Before that, he made cold calls for the Muscular Dystrophy Association to local businesses, trying to get their executives to sign up for a fake arrest and “lock-up”: an annual fundraiser. He was instructed to follow the script exactly:

“Hi, , this is _____ and I’m calling on behalf of the Muscular Dystrophy Association and Seattle Seahawks. Someone turned you in for having a BIG HEART and a “Fun Warrant” has been issued for your arrest.”

Before that he worked as an “ATM Ambassador” for Bank of America, which involved standing beside an ATM for eight hours a day, assisting any customers who required help or seemed confused. Once a month the Ambassadors participated in a conference call where they asked questions like, “What should I do when someone has trouble pressing only one button at a time because they have big fingers?”

“A common problem!” answered the manager. “An easy solution is to offer the customer a pencil so he can use the eraser to press the buttons. This also works wonders for women with long fingernails.”

Before this illustrious ambassadorship, David taught two years of philosophy at our undergraduate university as an adjunct professor, but the pay was so crummy that he was forced to supplement his income with work as a pizza delivery driver for Papa John’s. On more than one occasion he delivered to his own students. They were great tippers.

This is all true. Sadly, it’s not uncommon. Only one of my good friends from college is working within her field of study, as a French teacher. But even she is unsatisfied: what she really wants to be is a dog trainer.

Job hunting can be a frustrating and degrading experience, one that often leads to feelings of worthlessness and despair. Since the economy tanked, adults of all ages find themselves unemployed and underemployed, and for those of us who want to work in the arts, fulfilling positions (not to mention paying positions) are even harder to come by.

I hit my job-search rock bottom last winter in Boston, where I had moved to find a job, thinking there would be more options than in my Tennessee hometown. There were more options, but there was also a massive, teeming, Ivy-league-educated pool of competitors.

I sent out maybe fifty applications to positions advertised on job boards, but couldn’t even get a call back from temp agencies. After finally snagging a retail position at a failing home goods store (and only because my friend was quitting and put in a word for me), I felt some relief, but it was short-lived. The work was demeaning, my boss treated me like crap, and I once went for three weeks without a paycheck after his accounts were frozen, fallout from a legal battle with the landlord.

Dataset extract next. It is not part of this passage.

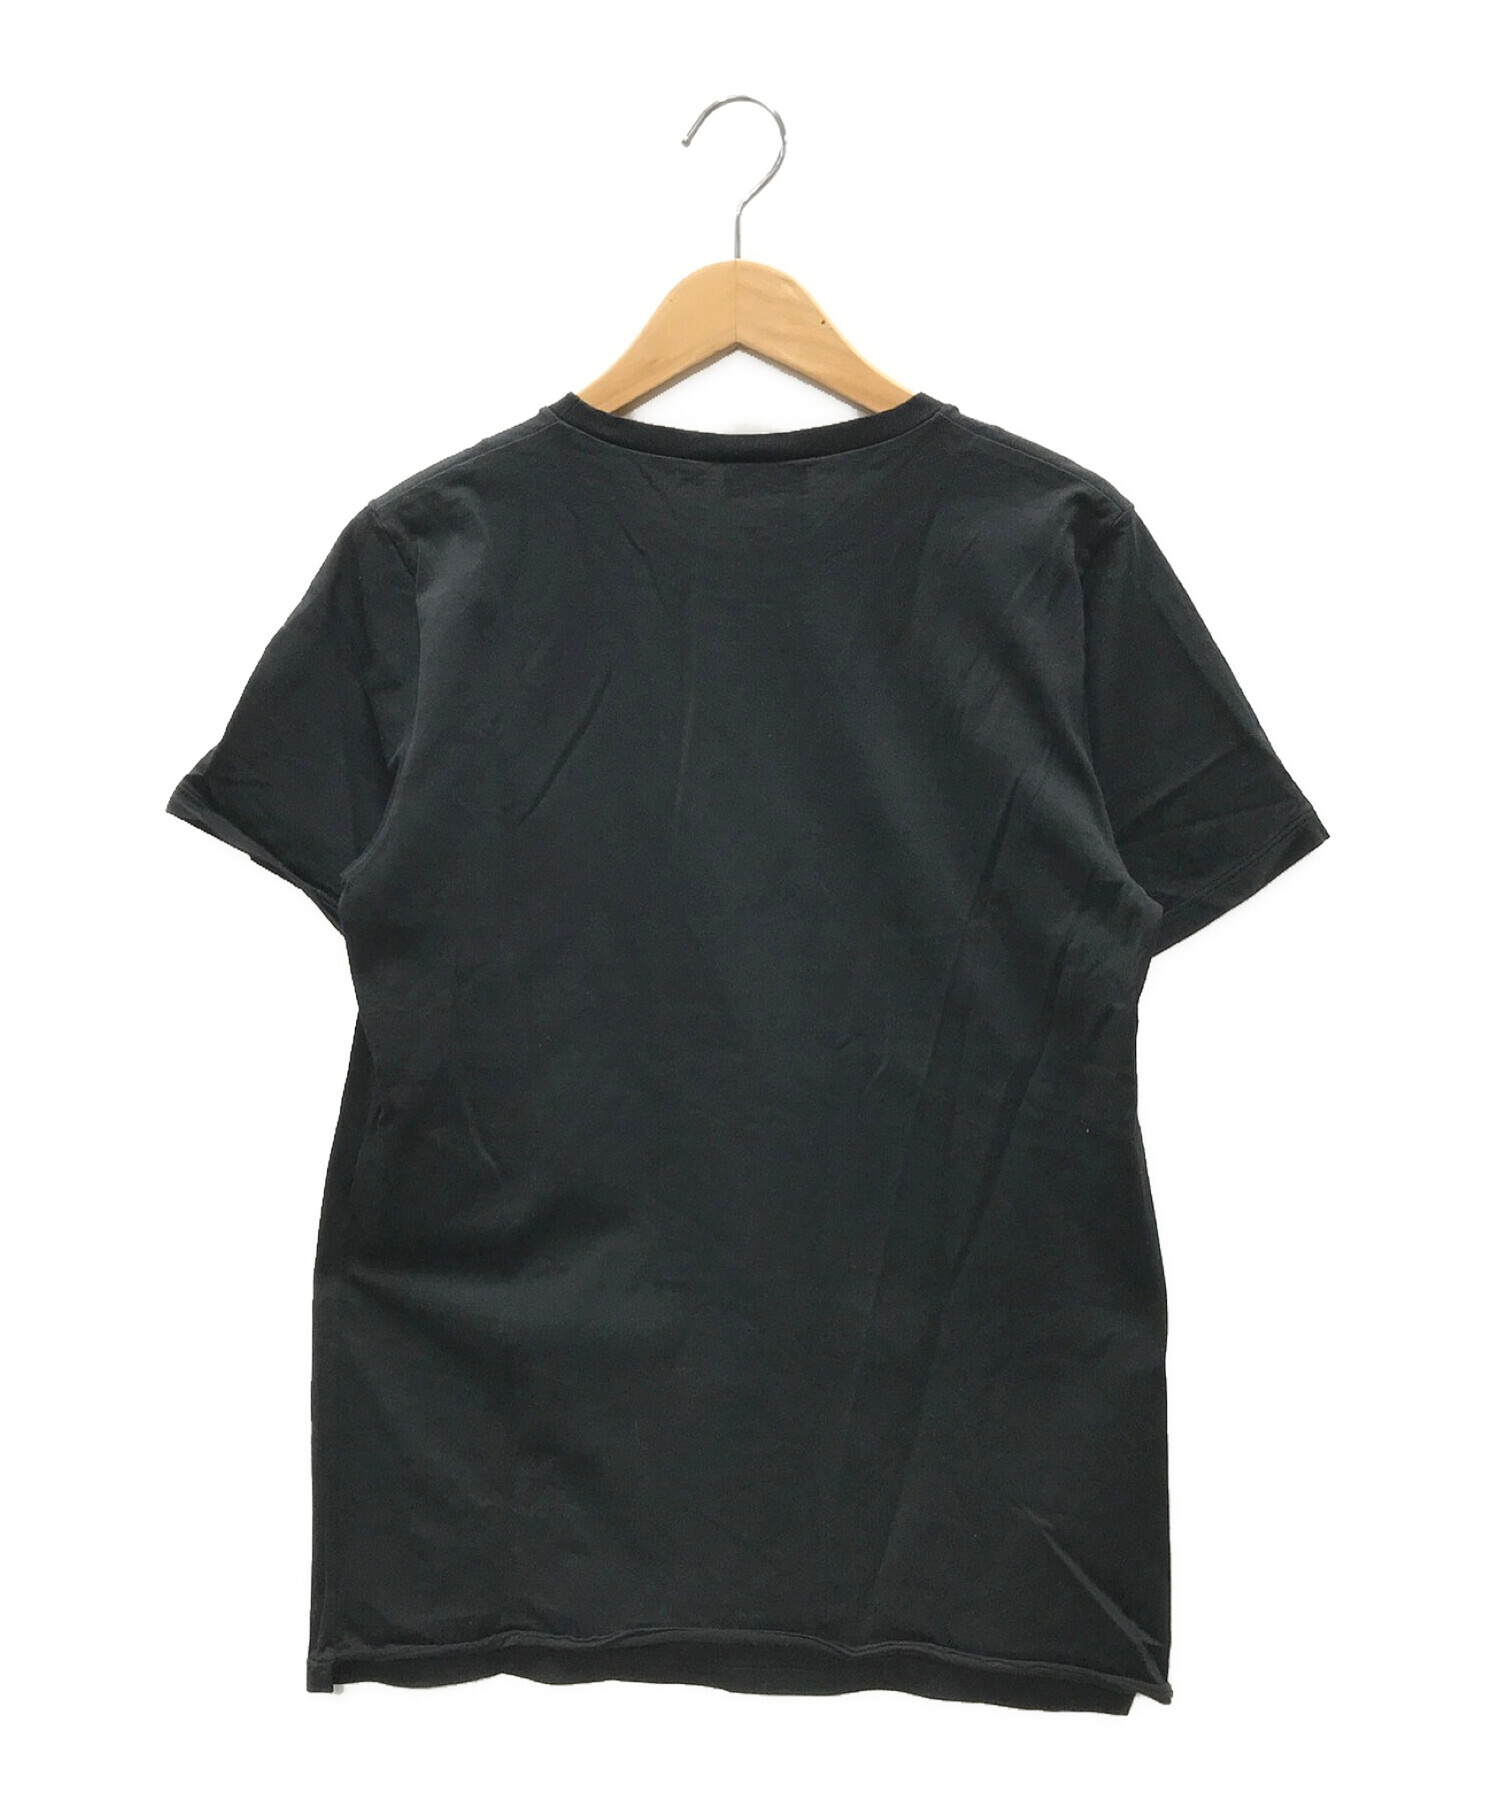 Saint Laurent Paris (サンローランパリ) Tシャツ/半袖カットソー ブラック サイズ:XS

I walked a mile to work in the morning, and a mile home at night. These were my favorite parts of the day, because I was alone and could allow the optimistic façade I tried to maintain with friends and family to fall away with a thud. Walks home at night were the best, because it was dark and the path I took was often empty. I would march through the snowdrifts, watching flakes swarm crazily in the lamplight. I would think about what would happen if I had to go back to Tennessee, where my parents had both lost their jobs.

I would look through lit windows of apartment buildings and houses that lined the road and think, “That person has a job. So does that one over there.” I would pass stores and businesses and think, “I bet there are thirty people working in that building. I bet there are twenty working in that one.” I would cry.

My idea of what was valuable about me was obviously not valued by the world.

Not a day goes by that I don’t take a moment to give thanks for having a job now, doing work I love, that I think is important. It is not something I take for granted.

Last week it was my turn to lead an enrichment session for our interns (all SPU English majors), something our staff does each quarter. Toward the end of the hour I talked about what they can expect after graduating from college with a liberal arts degree.

I asked what their plans were for post-graduation. One said graduate school. Another said Teach for America. The third said, “I plan to keep playing music until I figure it out.”

For artists, there’s no better directive. When despair sets in, the drive to create often subsides. But what truly sustains us, in times of plenty or in times of drought, is this: the music we love, the music we love to make.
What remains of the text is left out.